The Law of Property Act 1925 s.205(1)(iX) states:

“Land” includes land of any tenure…buildings or parts of buildings and other corporeal hereditaments”

This statutory definition does not entirely answer the question of whether Cleopatra’s needle will form part of the land (see post on ‘Definition of corporeal hereditaments‘). Therefore, it has been the traditional approach to determine objects that form part of the land as Fixtures and those that do not as Chattels. But the preferable approach would be to separate objects that can form part of the land by using the three-fold classification, so as not to confuse the meaning of Fixtures.

The three-fold classification is set out in Elitestone v Morris [1997] 1 W.L.R. 687, at page 691. See examples:

Classification Example
Chattel A moveable object. “chalet is a chattel and not a fixture” e.g. not forming part of the land. See Deen Andrews [1986] 1 E.G.L.R. 262
Fixture The commonest fixture is a house which is built into the land, so that in law it is regarded as part of the land. The house and the land are one thing”. See Billing Pill [1954] 1 Q.B. 70, page 75
Part and parcel of the land itself This is generally looked at within the surrounding circumstances. This classification will be looked at in further detail below in Holland Hodgson (1871-72) L.R. 7 C.P. 328.

The three-fold classification has forced a discussion as to the degree of permanence of the obelisk and address the arguably obsolete maxim of ‘quicquid plantatur solo cedit’. The leading case is Holland Hodgson (1871-72) L.R. 7 C.P. 328.  Whether an object is a fixture or a chattel depends upon two conditions:

  1. The degree of annexation and;
  2. The purpose of annexation

THE DEGREE OF ANNEXATION: It is generally considered fixtures would prima facie form part of the land if it has a substantial connection to it. See examples below:

One of the most important considerations is whether the “object can be removed without serious damage”. Or worst, total destruction of the object (Berkley v Poulett [1976] EWCA Civ 1). These considerations forces a brief discussion of the history of Cleopatra’s needle.
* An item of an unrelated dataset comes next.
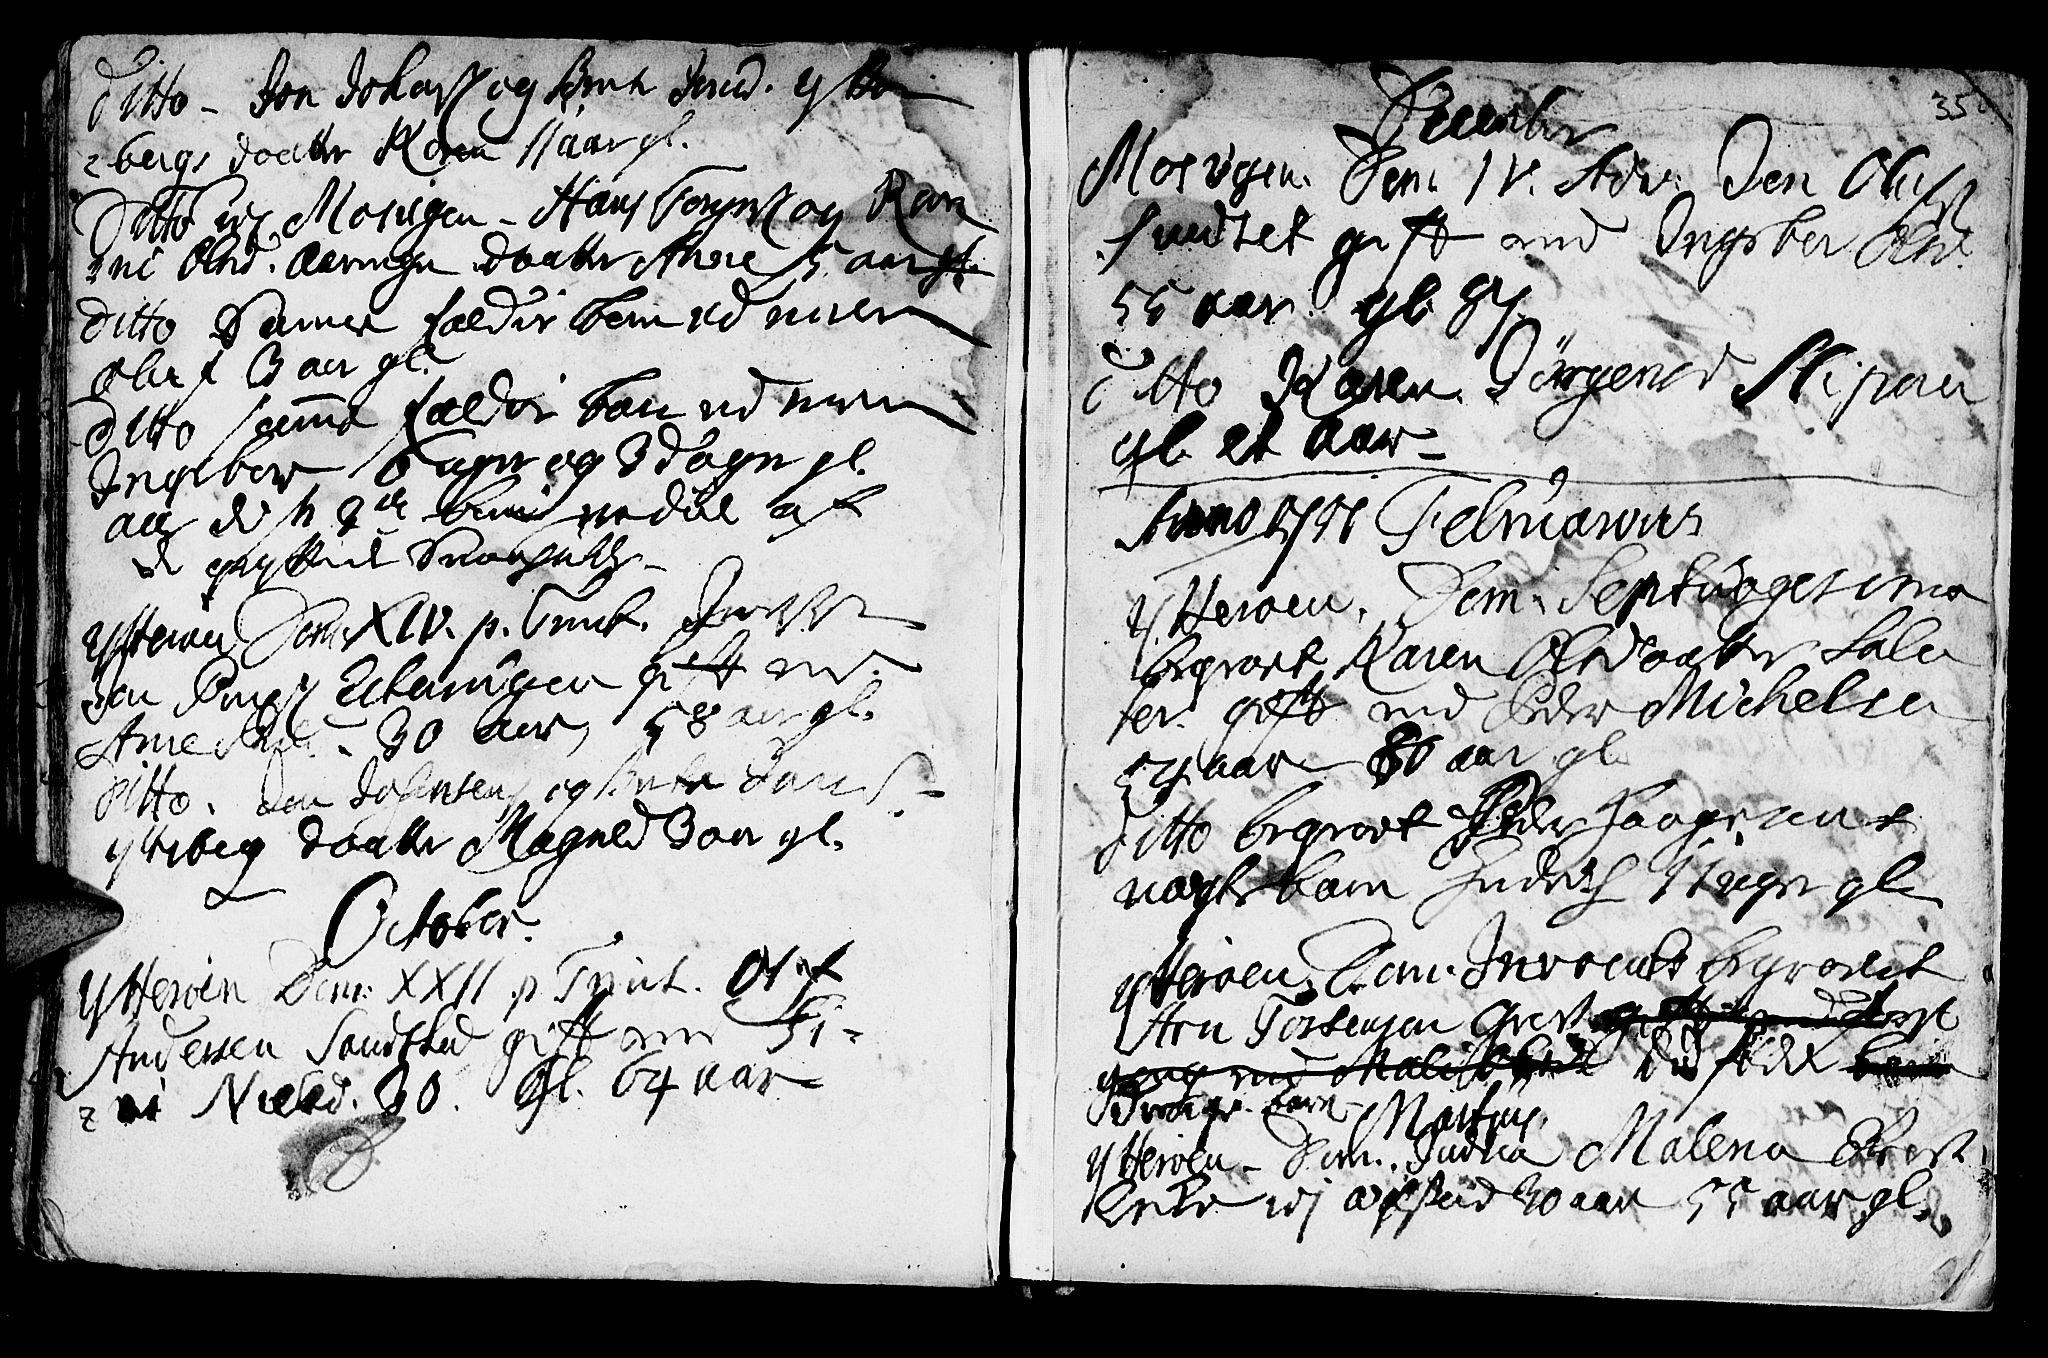 SAT, Ministerialprotokoller, klokkerbøker og fødselsregistre - Nord-Trøndelag, 722/L0215: Ministerialbok nr. 722A02, 1718-1755, s. 350

The obelisk was originally built in Egypt around 1460 BC as a religious monument celebrating Pharaoh Thotmes III. It was later gifted to the British Government in 1820 and later brought over at the great monetary expense of Sir Erasmus Wilson free of any serious damage. (For further information click here and here).

Considering the technological skills of our modern age in comparison of 1820, it would be arguable that Cleopatra’s needle would not form part of the land because it can, and has been, easily moved in the past.

THE PURPOSE OF ANNEXATION: It must be noted before examining the second part of the test that determining the ‘purpose’ of the obelisk is an objective one (Deen v Andrews (1985) 52 P. & C.R. 17, page 22). This means that the court is not concerned with the subjective rational of the person that placed the object there (Elitestone Morris at page 698). This means that there must be some objective circumstance proving that Cleopatra’s needle is not to be regarded as a chattel. It was stated in D’Eyncourt Gregory [1866] L.R. e Eq. 382  that if a statute is merely resting on a plinth, it is not part of the land unless the statue is part of an ‘architectural design‘. Therefore, by this judgment it is unclear whether Cleopatra’s needle is classified as chattel, considering it is only being held in place by its own weight (MatherFraser(1856) 2 K. & J. 536). It could be argued that the purpose of Cleopatra’s needle is to form an essential architectural feature of Victoria Embankment. In unison of this architectural argument, it could be stated that the commission of the two loins by Ecclestone Iron Works in 1881, which sit directly next to Cleopatra’s needle, are all collectively part and parcel of the land. Therefore by this analysis Cleopatra’s needle would form part and parcel of the land.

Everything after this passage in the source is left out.